** Recorded information **

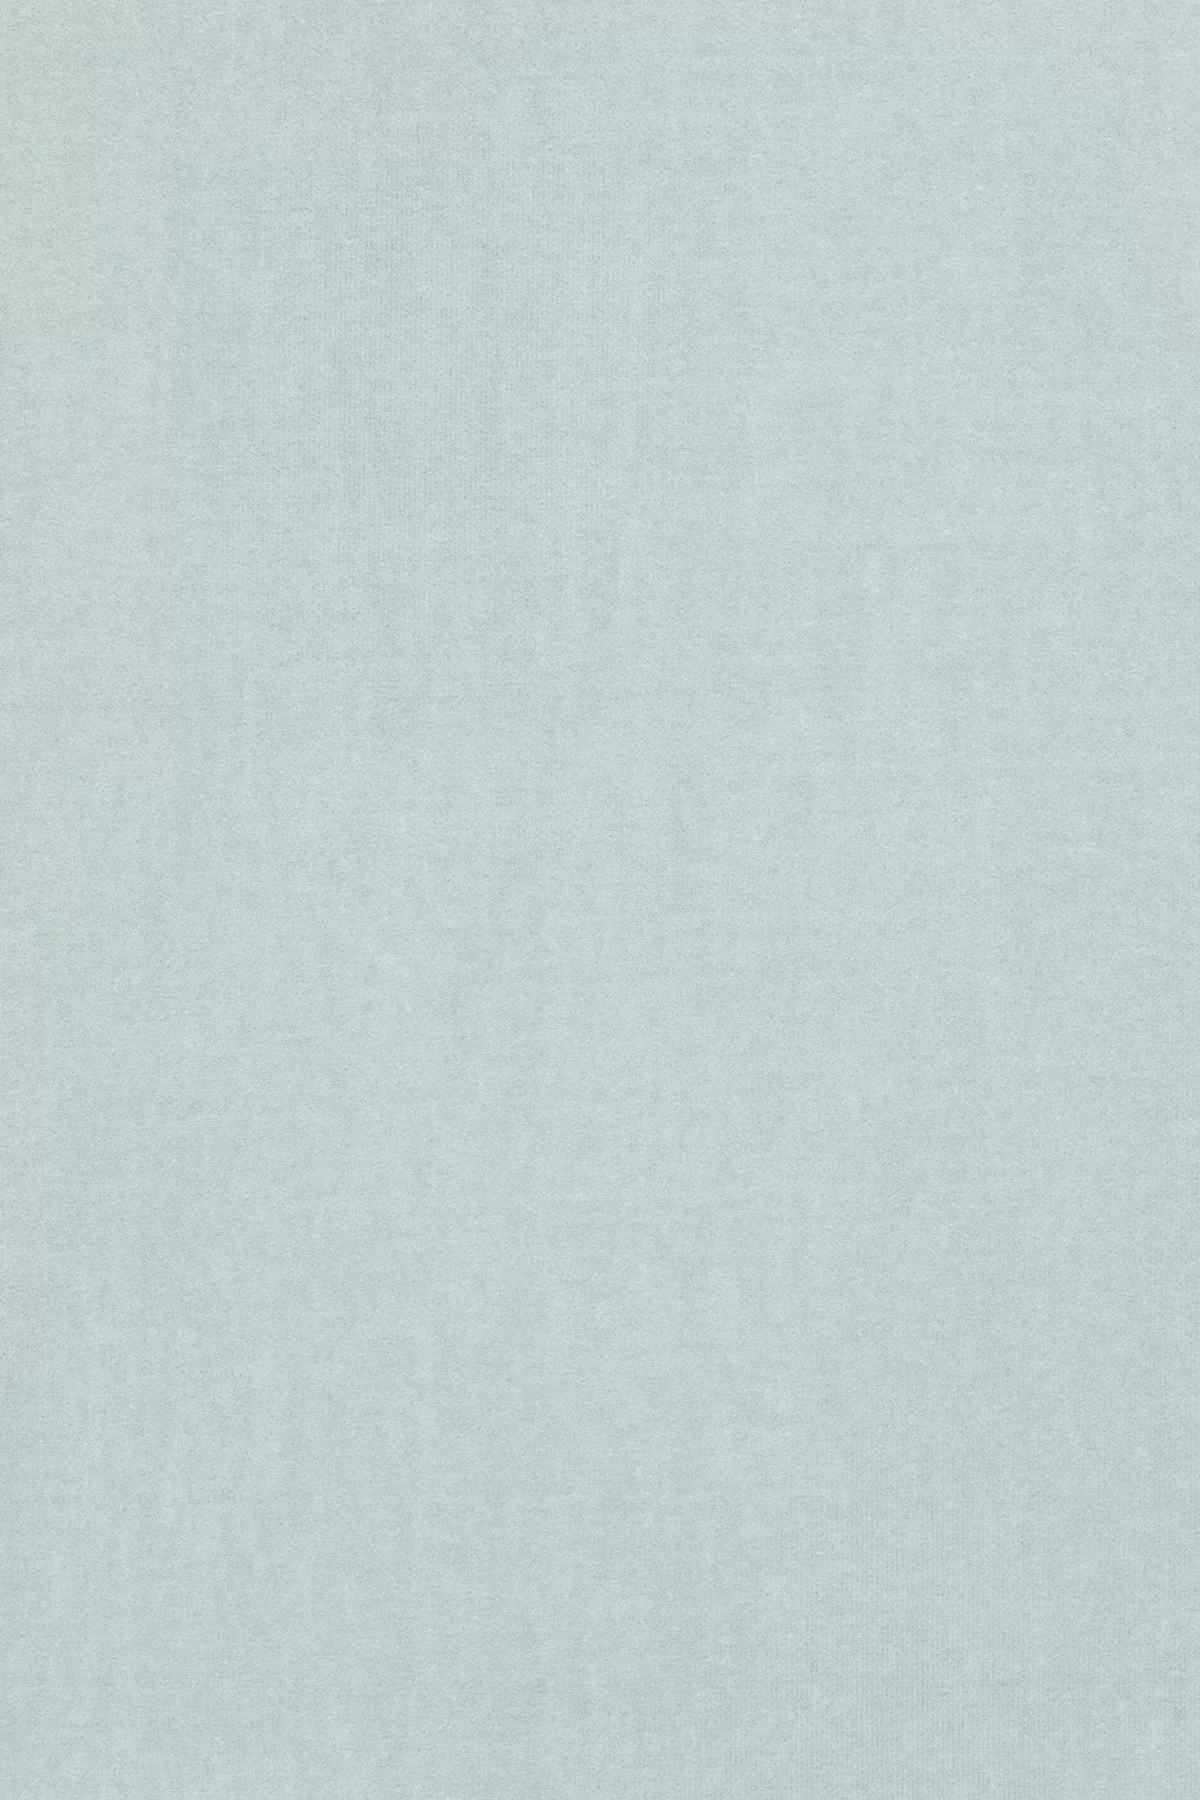 Fabric sample Harald 3 823 grey
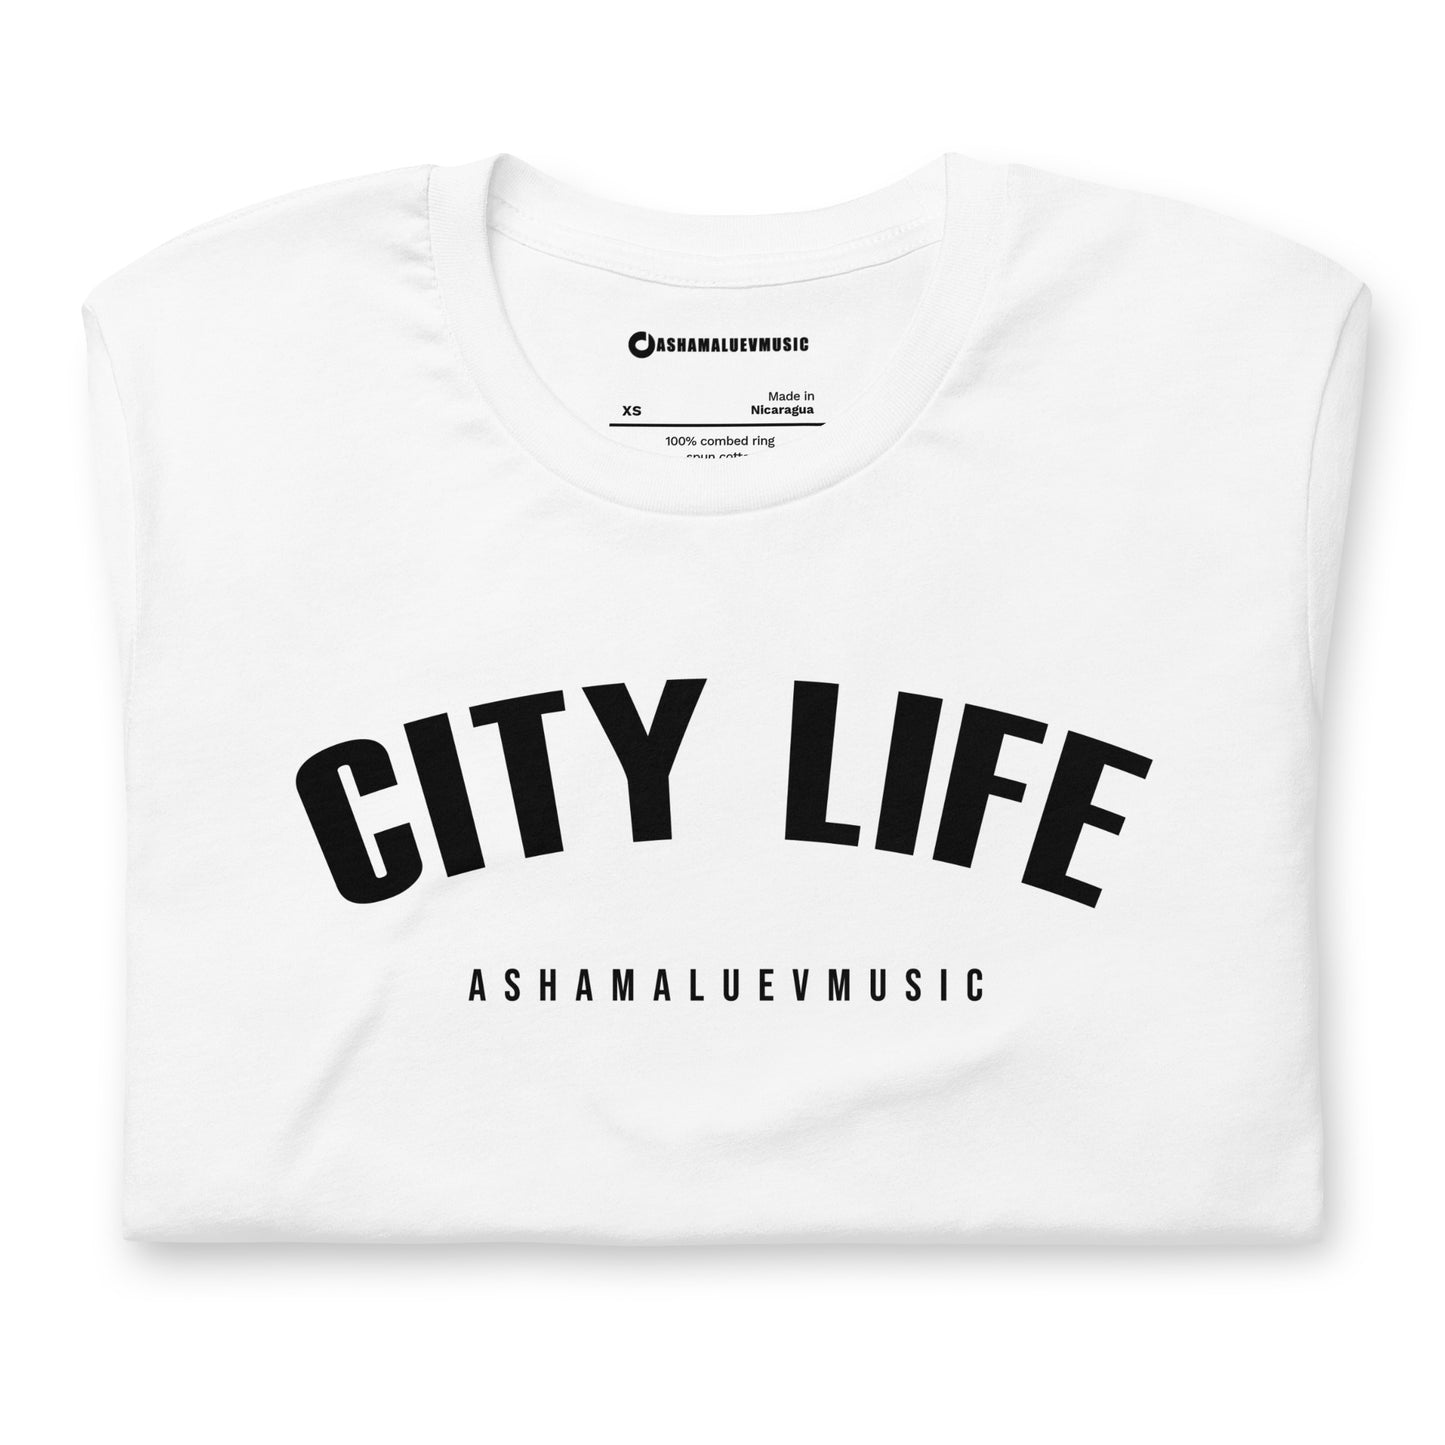 T-shirt "City Life"
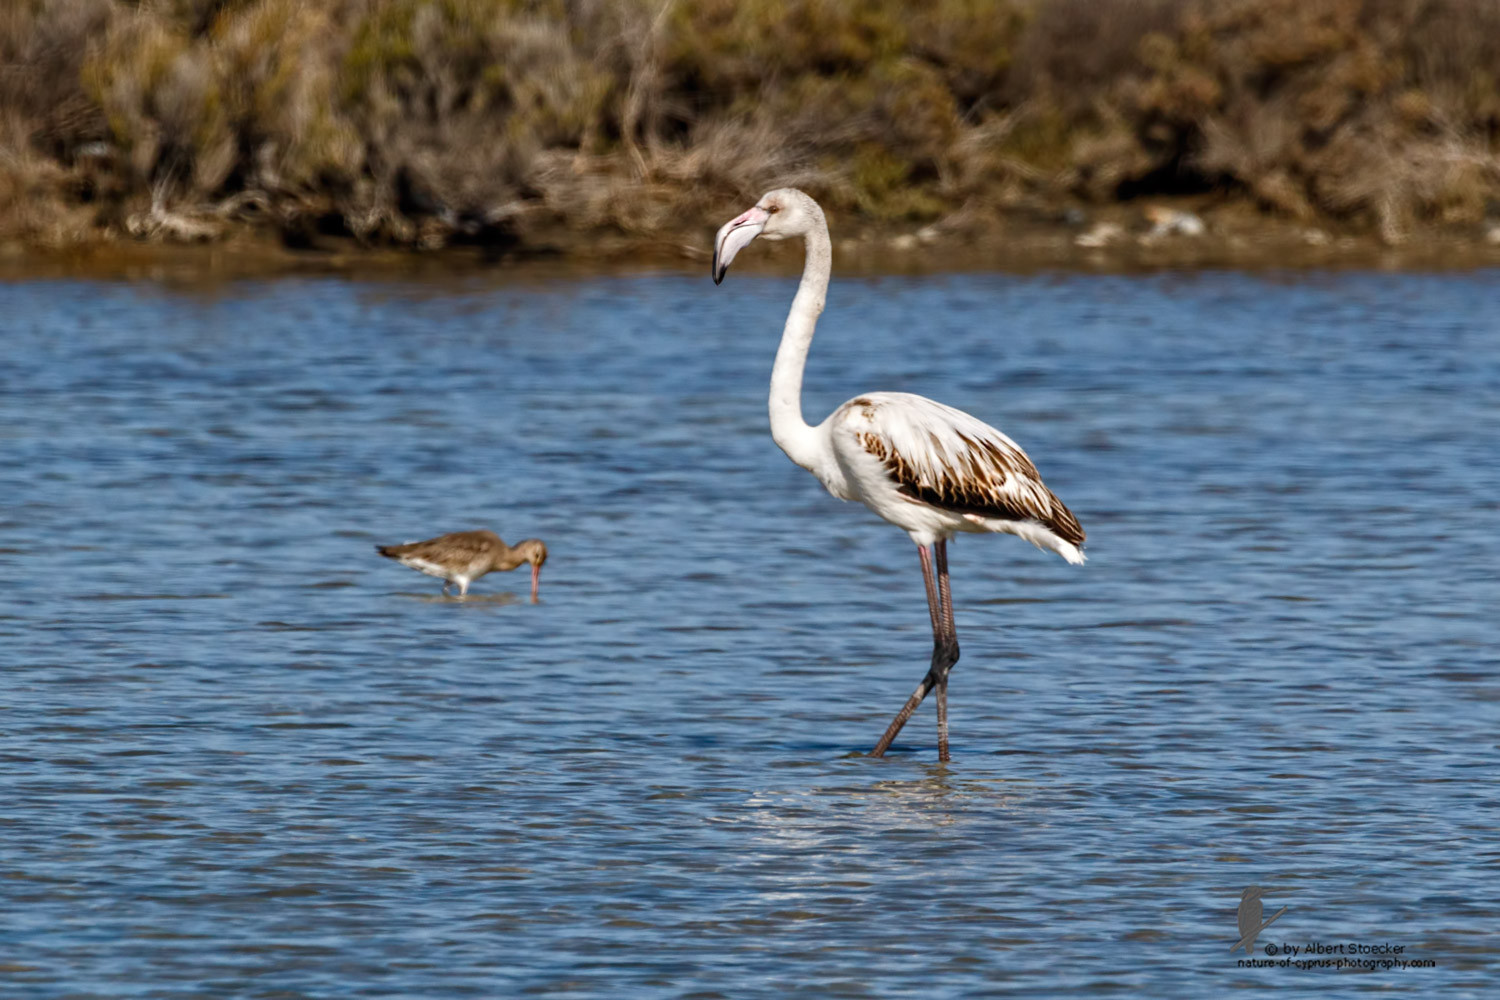 Phoenicopterus ruber - Greater Flamingo (juvenile) - Rosaflamingo, Cyprus, Zakai Marsh, March 2016
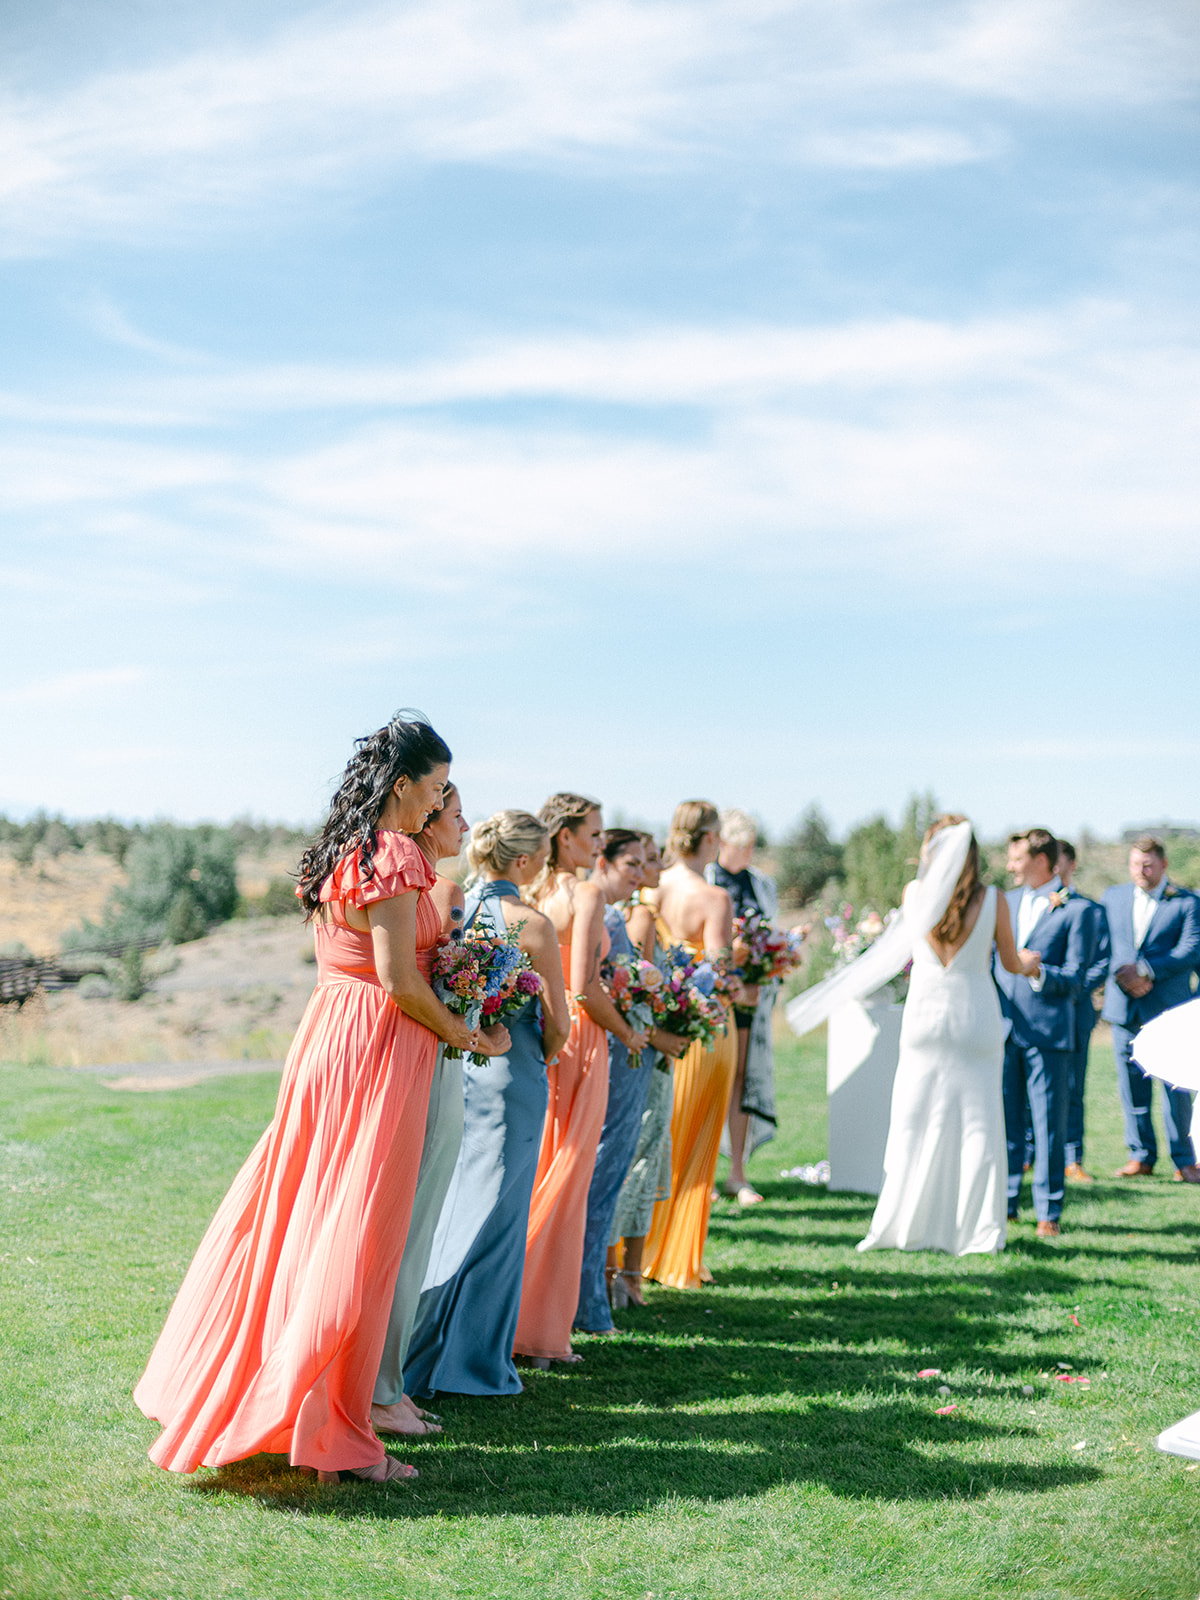 colorful bridesmaid dresses

** Your task **
When copying, output the data exactly and leave out the pictures.

** Expected answer **
 Fabric sample Harald 3 823 grey
 T-shirt "City Life"
 Phoenicopterus ruber - Greater Flamingo (juvenile) - Rosaflamingo, Cyprus, Zakai Marsh, March 2016
 colorful bridesmaid dresses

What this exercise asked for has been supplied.